Шрифт:
«Из своих страстей, о человек, – сказал один древний автор, – ты заимствовал материал своих богов», подобно тому как восточные народы, преимущественно индусы, заимствовали этот материал из элементов, сил, форм природы. «Из мысли, – можем мы прибавить, – ты заимствуешь материал бога». Здесь мысль является почвой, из которой выходит бог; но не начинающая мысль составляет ту основу, из которой мы должны обнимать всю эволюцию. Как раз напротив. Вначале мысль выступает совершенно бедной, в высшей степени абстрактной и со скудным содержанием по сравнению с тем содержанием, которое восточные народы дают своему предмету, ибо, в {140}качестве непосредственной, начальная стадия мысли сама носит форму природности; это обще ей с восточным содержанием.

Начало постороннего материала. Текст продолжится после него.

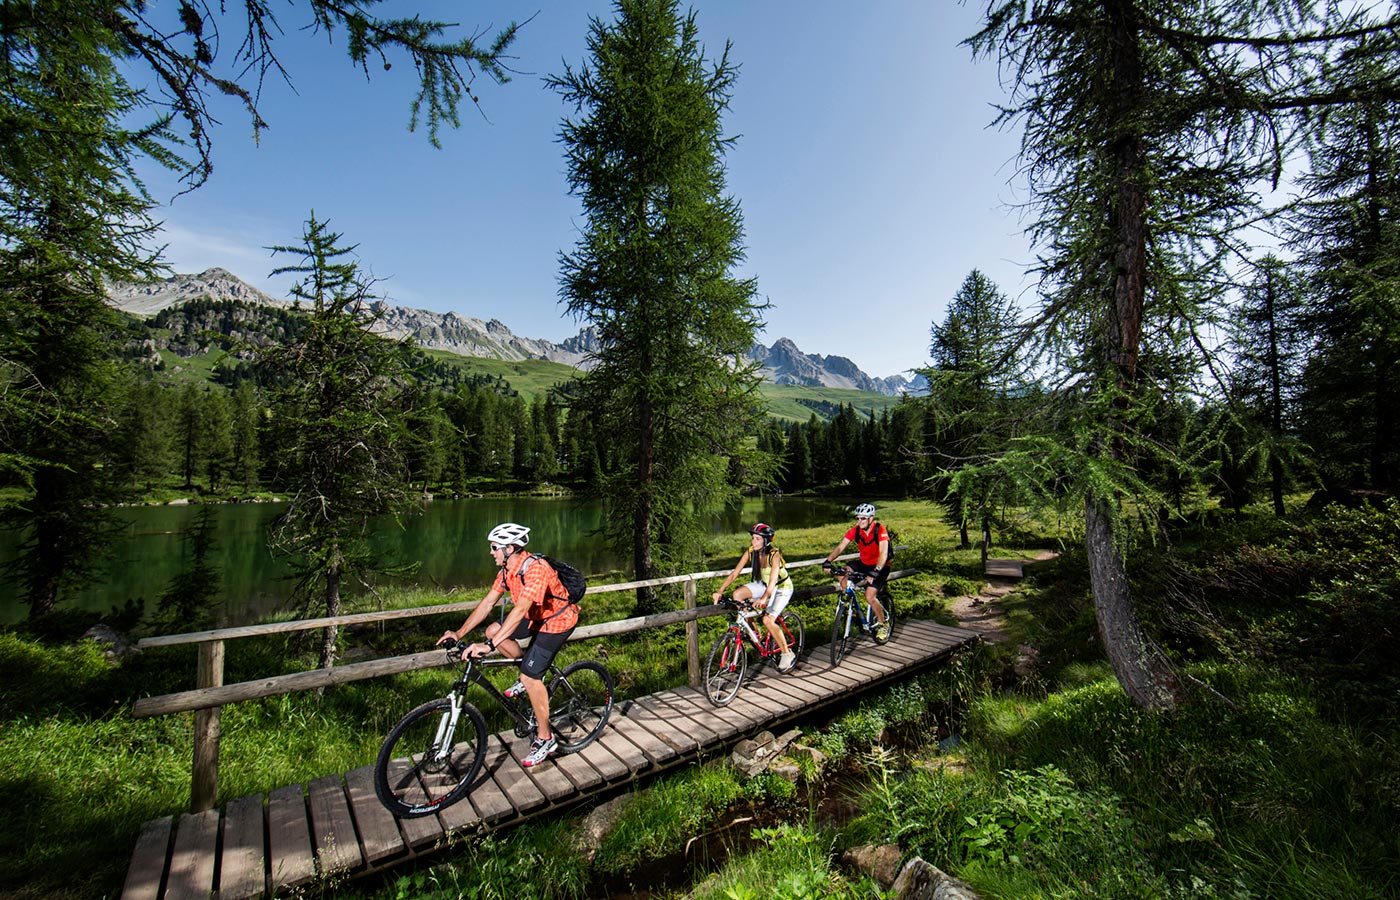 Turisti in bicicletta si godono un escursione in bici immersi nella natura

Так как она затем сводит восточное содержание к совершенно скудным определениям, то эти мысли не имеют для нас почти никакого значения, потому что они еще существуют не как мысли и не в форме и определении мысли, а в форме природности. Мысль, следовательно, представляет собою здесь абсолютное, но не в качестве мысли. Мы должны именно всегда различать двоякого рода вещи: всеобщее, или понятие, и, затем, реальность этого всеобщего, так как ведь важно знать, есть ли сама реальность мысль или нечто природное. Так как вначале реальность еще имеет форму непосредственности и мысль существует лишь в себе, то в этом заключается причина того, что мы у греков начинаем историю философии с натурфилософии ионийской школы.
Что касается внешнего исторического положения Греции в эту эпоху, то греческая философия начинается в VI веке до Р.Х., в царствование Кира, в эпоху упадка Ионийских свободных государств в Малой Азии. Когда погиб этот прекрасный мир, самостоятельно развившийся и достигший высокого уровня культуры, тогда появилась философия; ионийская свобода подверглась сначала опасности со стороны Креза и мидийцев; лишь позднее персидское господство совершено уничтожило ее, так что большинство жителей этих государств искали себе другого местопребывания и основали колонии преимущественно на Западе. Одновременно с этим упадком ионийских городов, другая Греция перестала быть под властью своих древних царских домов; Пелопиды и другие, большей частью чужеземные, царские роды сошли со сцены. Греция частью пришла в многообразное соприкосновение с внешним миром, частью греки искали в самих себе связующих их общественных уз; патриархальная жизнь ушла в прошлое, и во многих государствах появилась потребность организоваться свободно, согласно правовым определениям и учреждениям. Мы видим, как выступают многие лица, не являющиеся властителями своих сограждан благодаря своему происхождению, а почитаемые за свой замечательный талант, фантазию, ученость. Между такими лицами и их согражданами устанавливались различные отношения. Они были частью советчиками, но их доброму совету часто и не следовали, частью же они были ненавидимы и презираемы своими согражданами, и они уходили от общественной жизни; одни из них сделались насильственными, хотя и не жестокими властелинами своих согра{141}ждан, другие же, наконец, сделались законодателями, установившими свободу.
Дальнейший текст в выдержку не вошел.